Any clue which would be more appropriate for such a recipe, or is just a matter of taste?

Just curious
Since Im vegetarian now, I won't try and recreate her recipe ( especially cause I remember most of the flavor was from the meat itself),  But I may try to whip up something with a similar taste profile, so i was just curious as to the Paprika she may have used.

Thanks,

larry

https://www.penzeys.com/search/#?q=paprika

PS:
IF there is another link to other, more appropriate, options, feel free to point me in the right direction


----------



## Steve Kroll (Sep 8, 2015)

Goulash is one of those things that people will argue about for hours on who has the most authentic recipe (kind of like chili or barbecue in this country). Most recipes I've seen call for Hungarian sweet paprika, but I like to use a combination of both sweet and hot varieties. 

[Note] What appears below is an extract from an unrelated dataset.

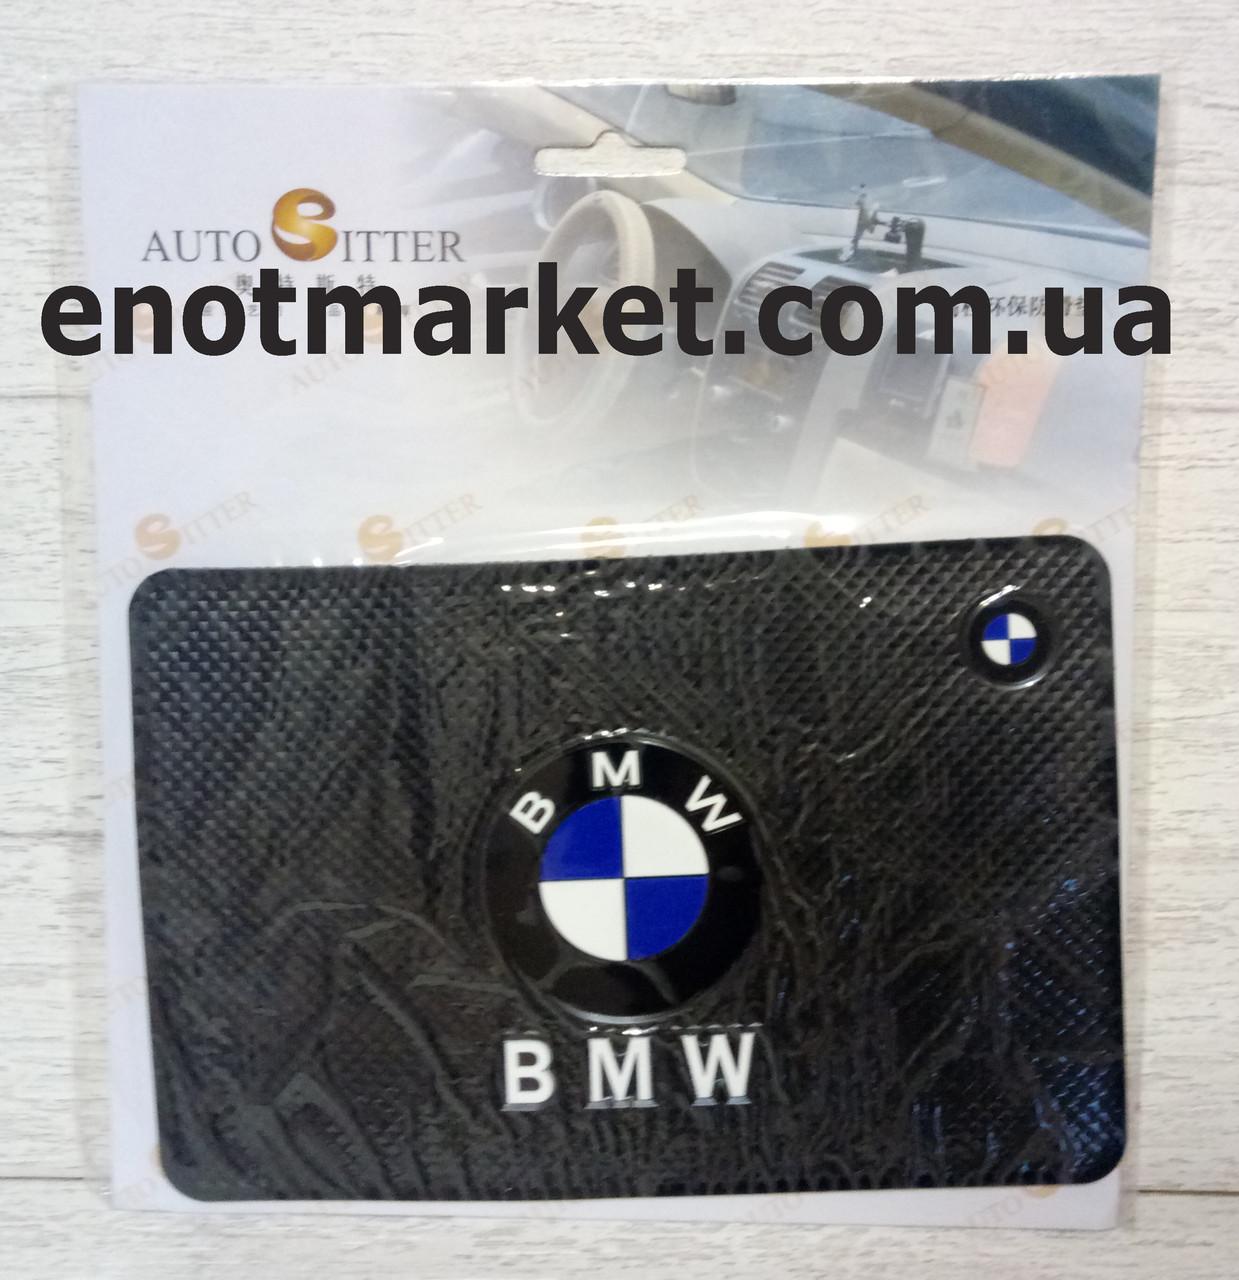 "Коврик-держатель антискользящий липкий на торпеду автомобиля c логотипом ""BMW"" для телефона"

In the end, I don't think it really matters as long as it fits your tastes.


----------



## Andy M. (Sep 8, 2015)

The recipe I use calls for both sweet and hot paprika.  This allows you to get enough paprika flavor without making the dish too hot.


----------



## bethzaring (Sep 8, 2015)

I've been to Hungary and bought paprika from a vendor that only had one kind of paprika.  It was sweet.  But like Andy suggested, I would also use one with some heat for your dish.


----------



## Andy M. (Sep 8, 2015)

Larry, if you read a bunch of recipes for goulash, you'll find a variety of ingredients and quantities.  This is a local dish that evolved over many years in every household in the area.  I think the only rule for this type of dish is that paprika is the star of the dish and needs to have a strong presence.


----------



## larry_stewart (Sep 8, 2015)

Ok, thanks everyone.  Ill just base it on my memory, make some modifications, and add just the right amount of spice once I get everything else in order.


----------



## CharlieD (Sep 8, 2015)

It is definitely matter of taste. And in my personal cook book it is always matter of taste.


----------



## Lance Bushrod (Sep 9, 2015)

I'm a fan of the Spanish paprika's and especially the hot smoked. It can be very tasty on deviled eggs or sprinkled on any food like you would with black pepper. I've found Hungarian sweet to be too mild.


----------



## Szandra (Sep 13, 2015)

Hi,

I`m 100 % Hungarian and I`m telling you we are always cooking this with sweet paprika! (NOT SPANISH, NOT SMOKED...NOTHING CRAZY) If you like hot, you have to put some hot in it too, but the base of every Hungarian is made with sweet paprika. If you need any help with the process itself, let me know.


----------



## Lance Bushrod (Sep 14, 2015)

That's good to know and and thanks. 

Please post your process.


----------



## Kayelle (Sep 16, 2015)

Like Beth, when we visited Hungary I bought pouches of both hot and sweet paprika from a vendor. The cloth pouches had a cute drawing of a girl in costume and had a little wooden spoon inside. They made great gifts for my cooking friends and I kept several for myself. I was on a mission for making the best Goulash and Chicken Paprikash, and I have a recipe posted here for the Chicken Paprikash that's very good. I like a combination of two parts sweet and one part hot.
Now I've run out of the paprika I brought there and I think it was superior to what I now have to use. Just be sure to buy authentic Hungarian paprika Larry.


----------



## RPCookin (Sep 20, 2015)

I saw a program on TV a couple of years ago which was about a Hungarian paprika maker.  They made 4 different pepper blends, ranging from sweet to very hot.  I don't remember the manufacturer's name or much else except the four distinct blends.


----------